With corresponding results:

>>> vol.tail(7)
Date        sigma   
2021-06-24  0.008016    
2021-06-25  0.007514    
2021-06-28  0.006795    
2021-06-29  0.006145    
2021-06-30  0.005599    
2021-07-01  0.005161    
2021-07-02  0.005285    

Please consider this:

• Under no re-estimation, the out-of-sample GARCH estimates eventually converges to the unconditional volatility (aka. around 0.0149). When $\alpha + \beta \approx 1$ the process converges at a slower rate. Hence, a re-estimation is needed for better volatility forecasts.

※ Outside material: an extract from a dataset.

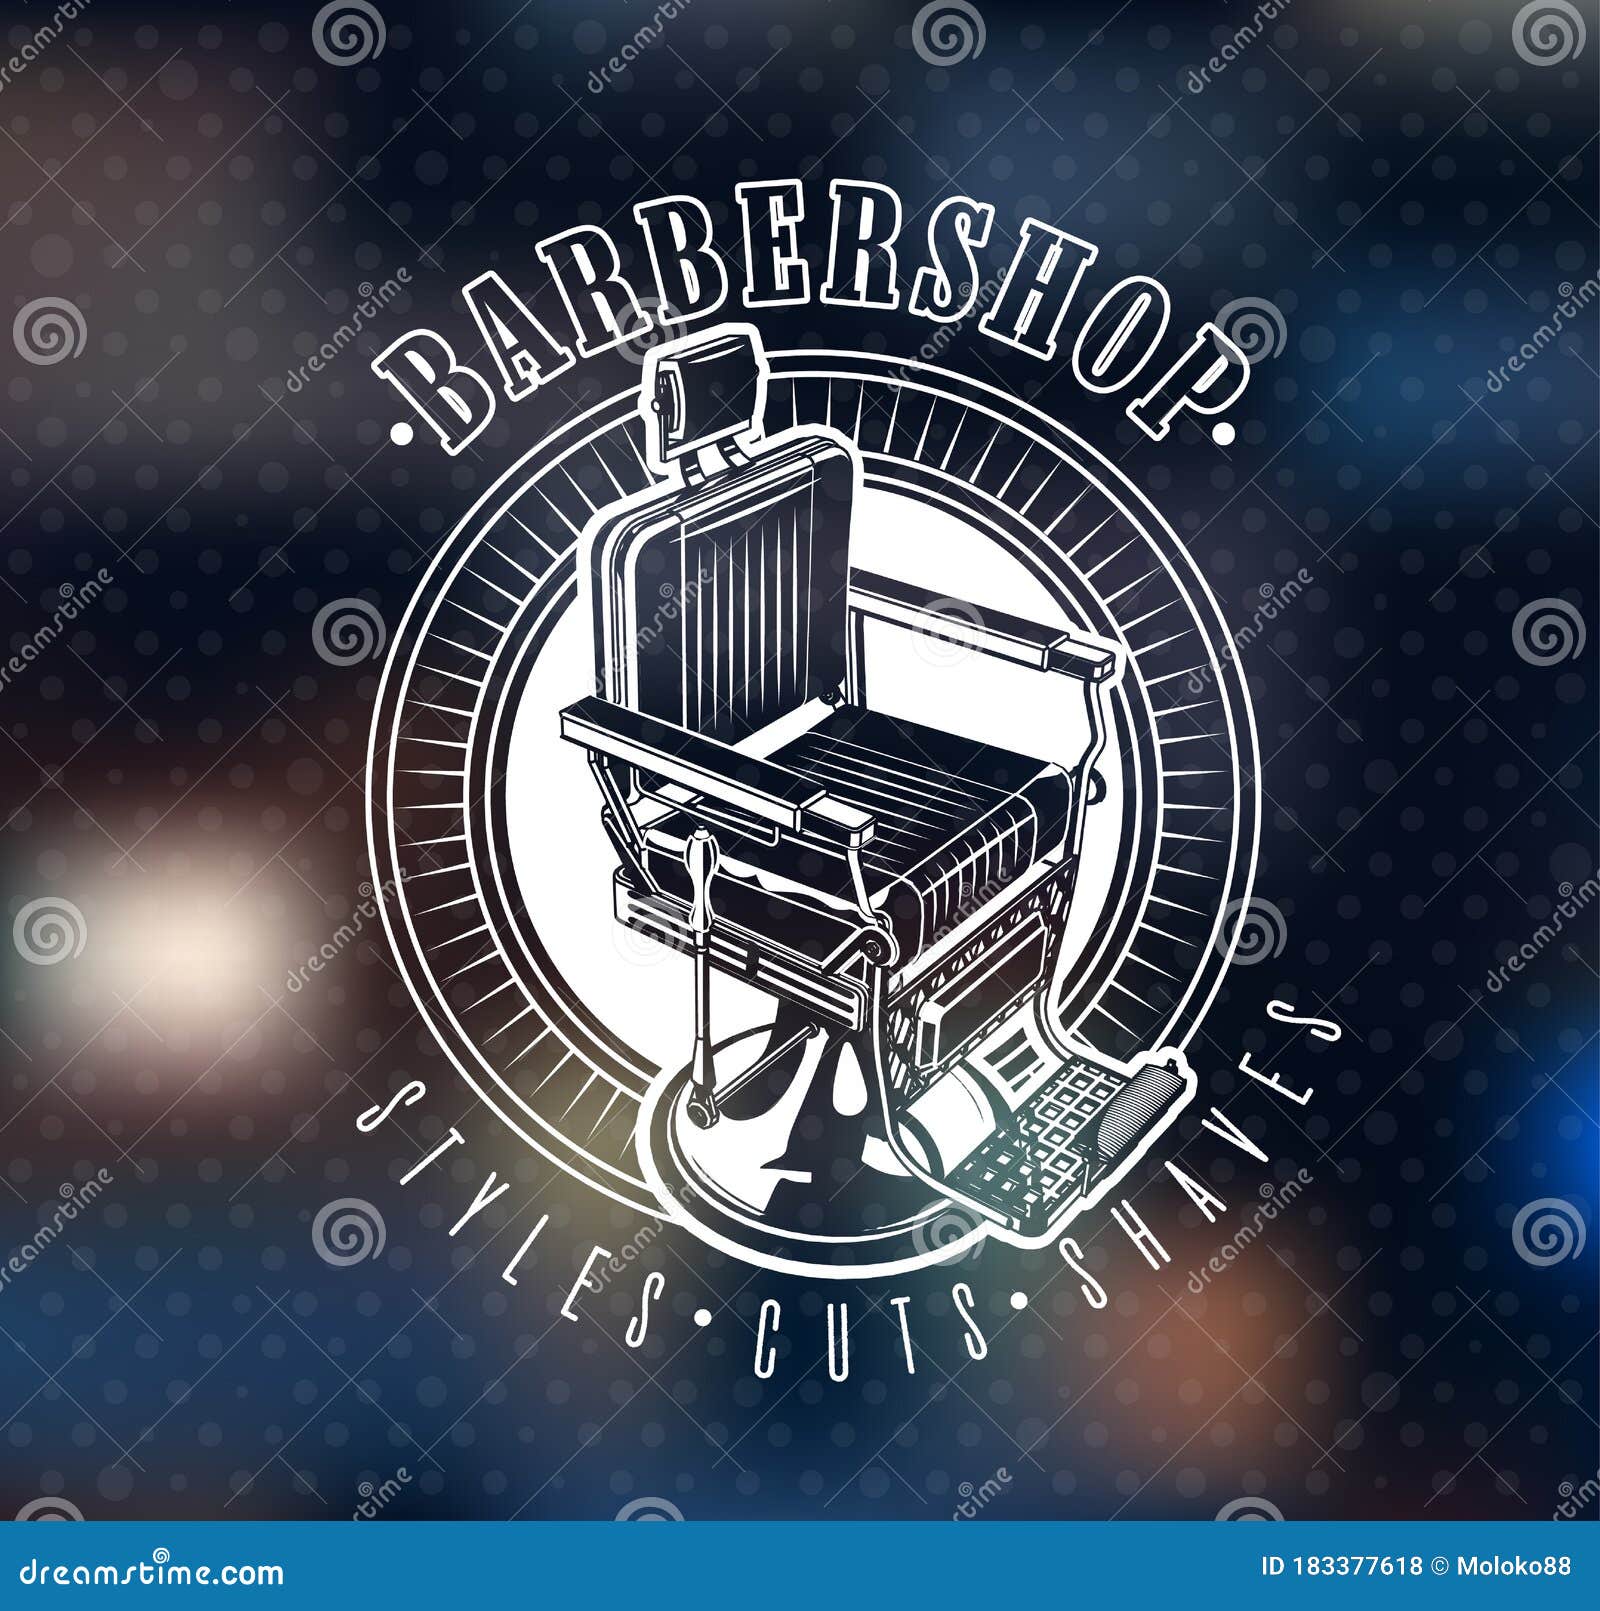 Barbershop Wall and Window Glass Sticker. Posters and Coverings To Decorate  a Barbershop Stock Vector - Illustration of gentleman, haircut: 183377618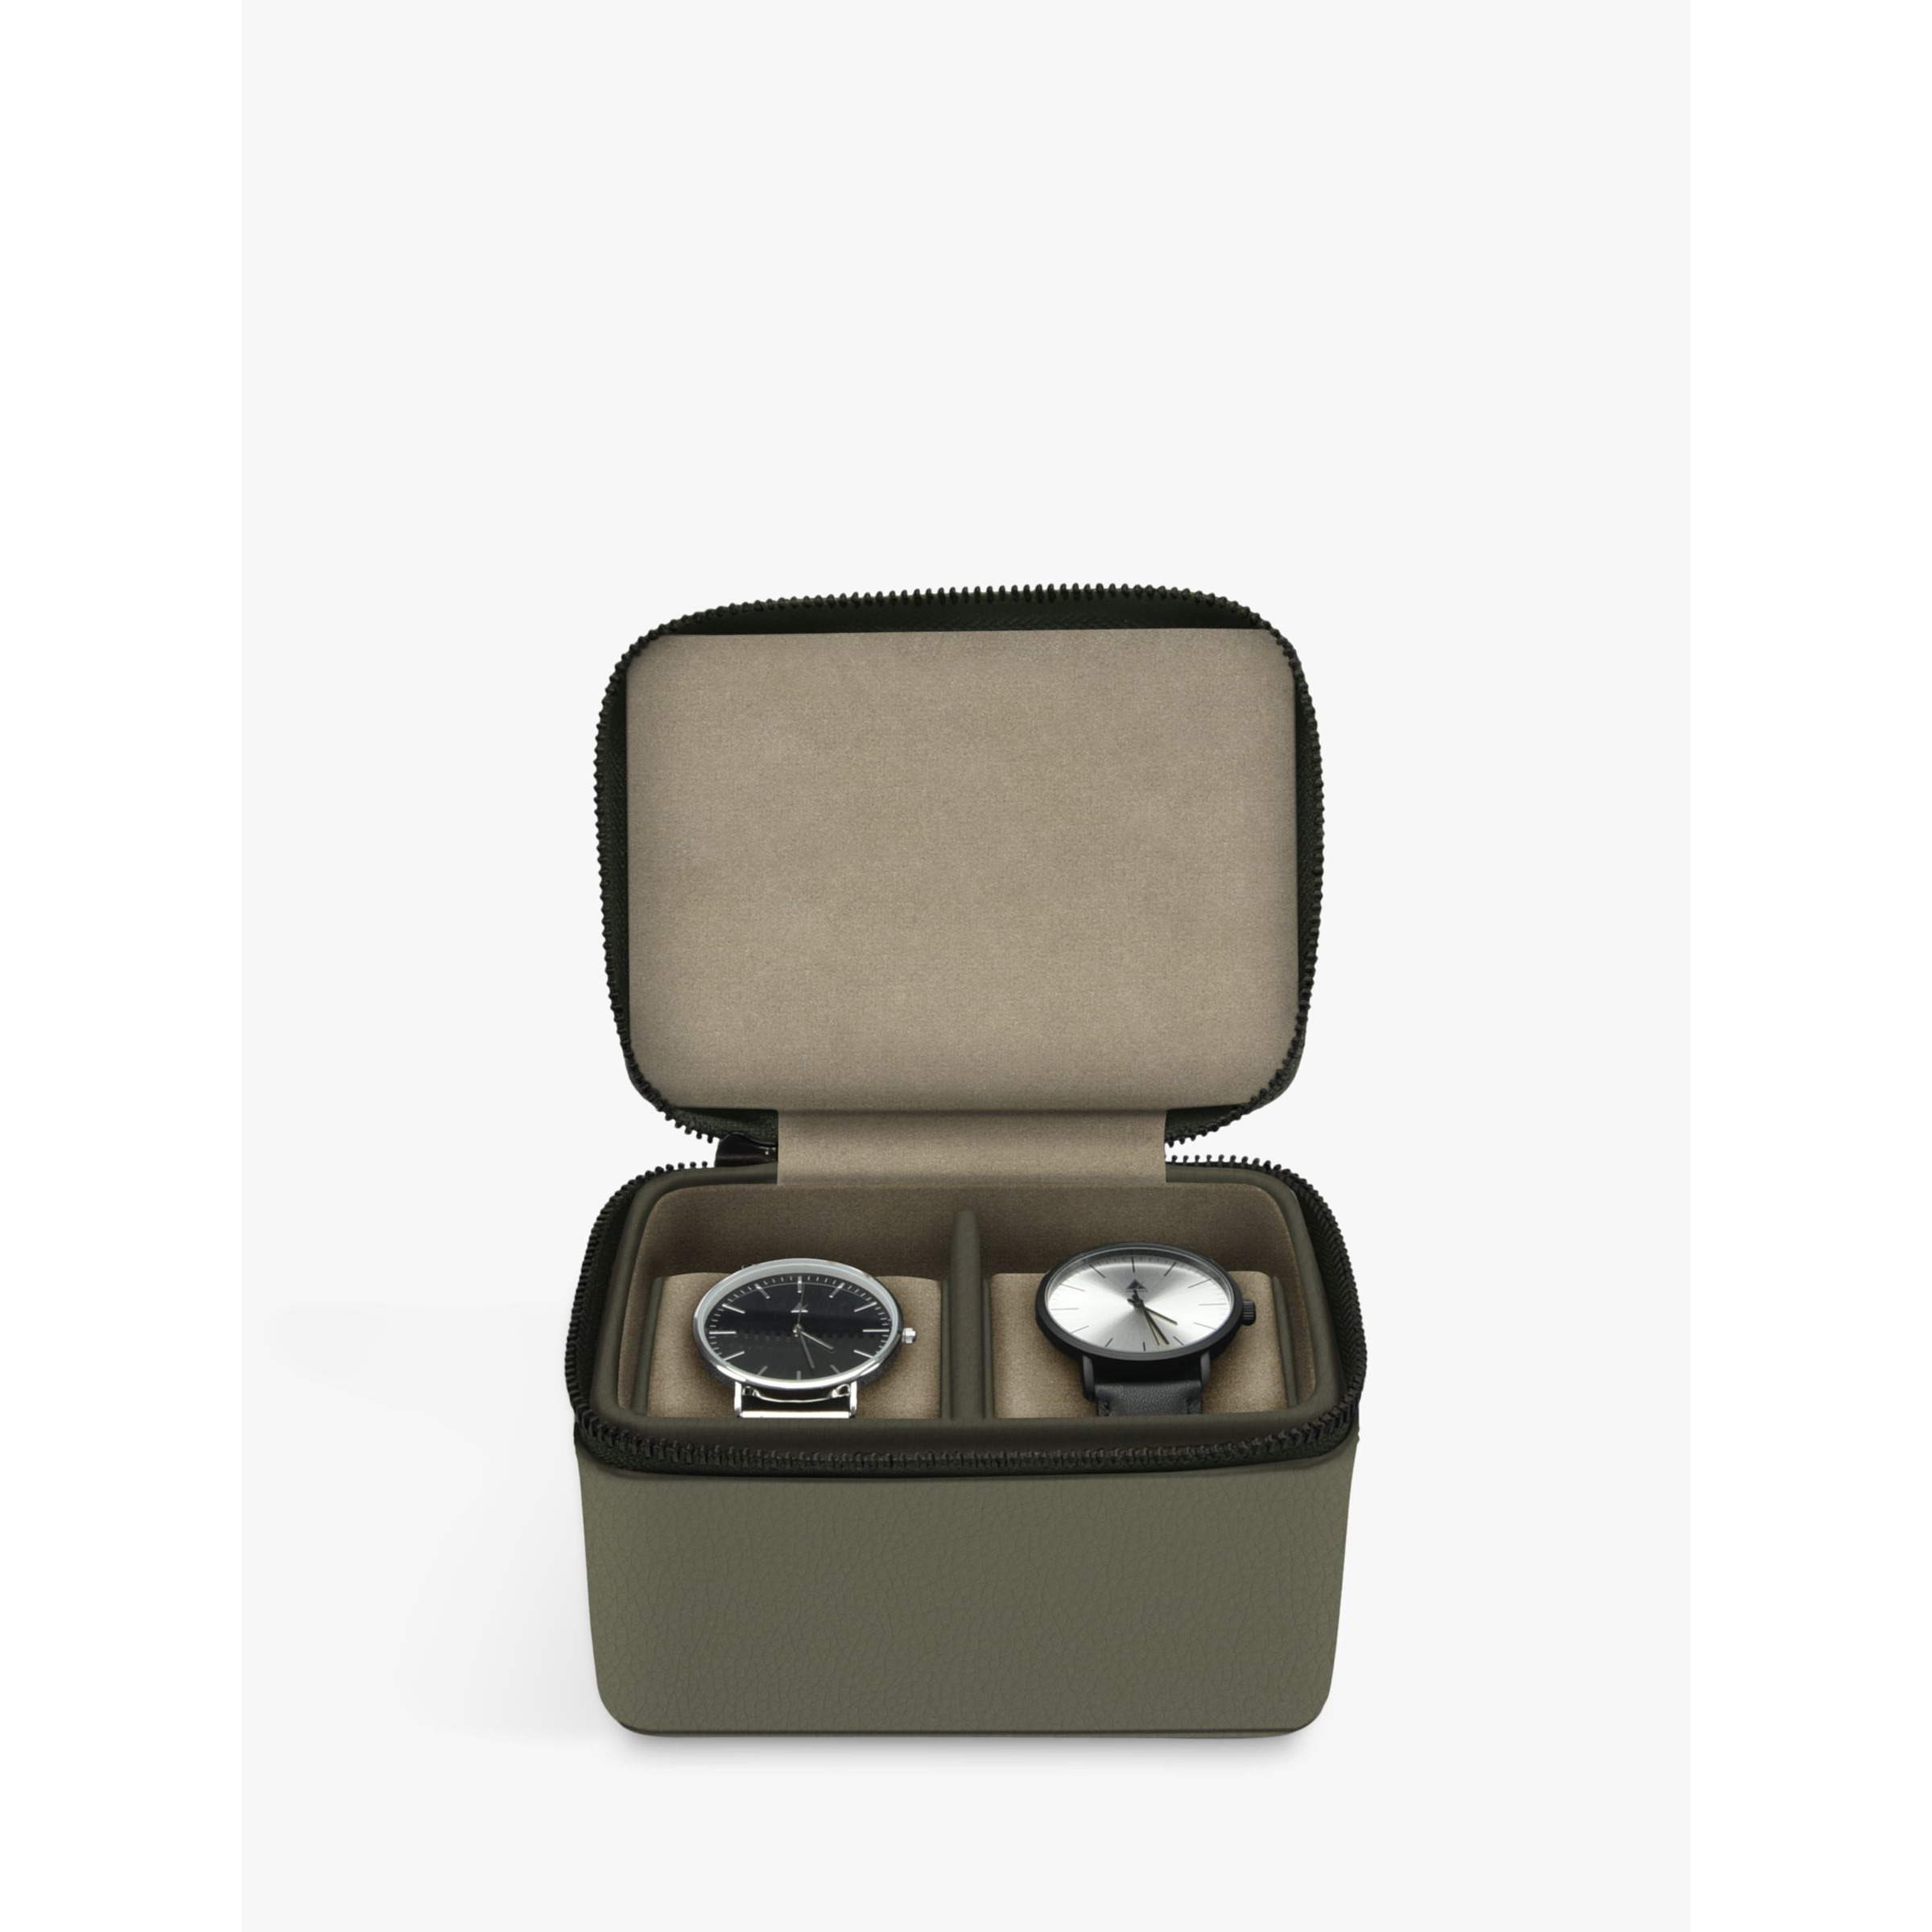 Stackers Double Watch Box - image 1

• Using fixed GARCH parameters out-of-sample, makes the estimates insensitive to new underlying characteristics in the price process. This implies that during periods of increased volatility or structural breaks, the fixed estimates will perform poorly in forecasting the altered volatility process. To address this issue, econometricians opt either for a rolling- or expanding-window forecast, allowing the GARCH parameters to be re-estimated with each new consecutive price point. The "estimation" part, along with the concluding section of your code, can be rewritten to accommodate either of these forecasting methodologies.

• Other than that, there is also a package in Python called arch, that contains various GARCH models. I have written a small and convenient answer here on how to produce forecasts using the package.

If this is truly for a sensitive thing, I would recommend you to consult with your peers on how to improve the volatility forecasts. For now, the above code do as you intend.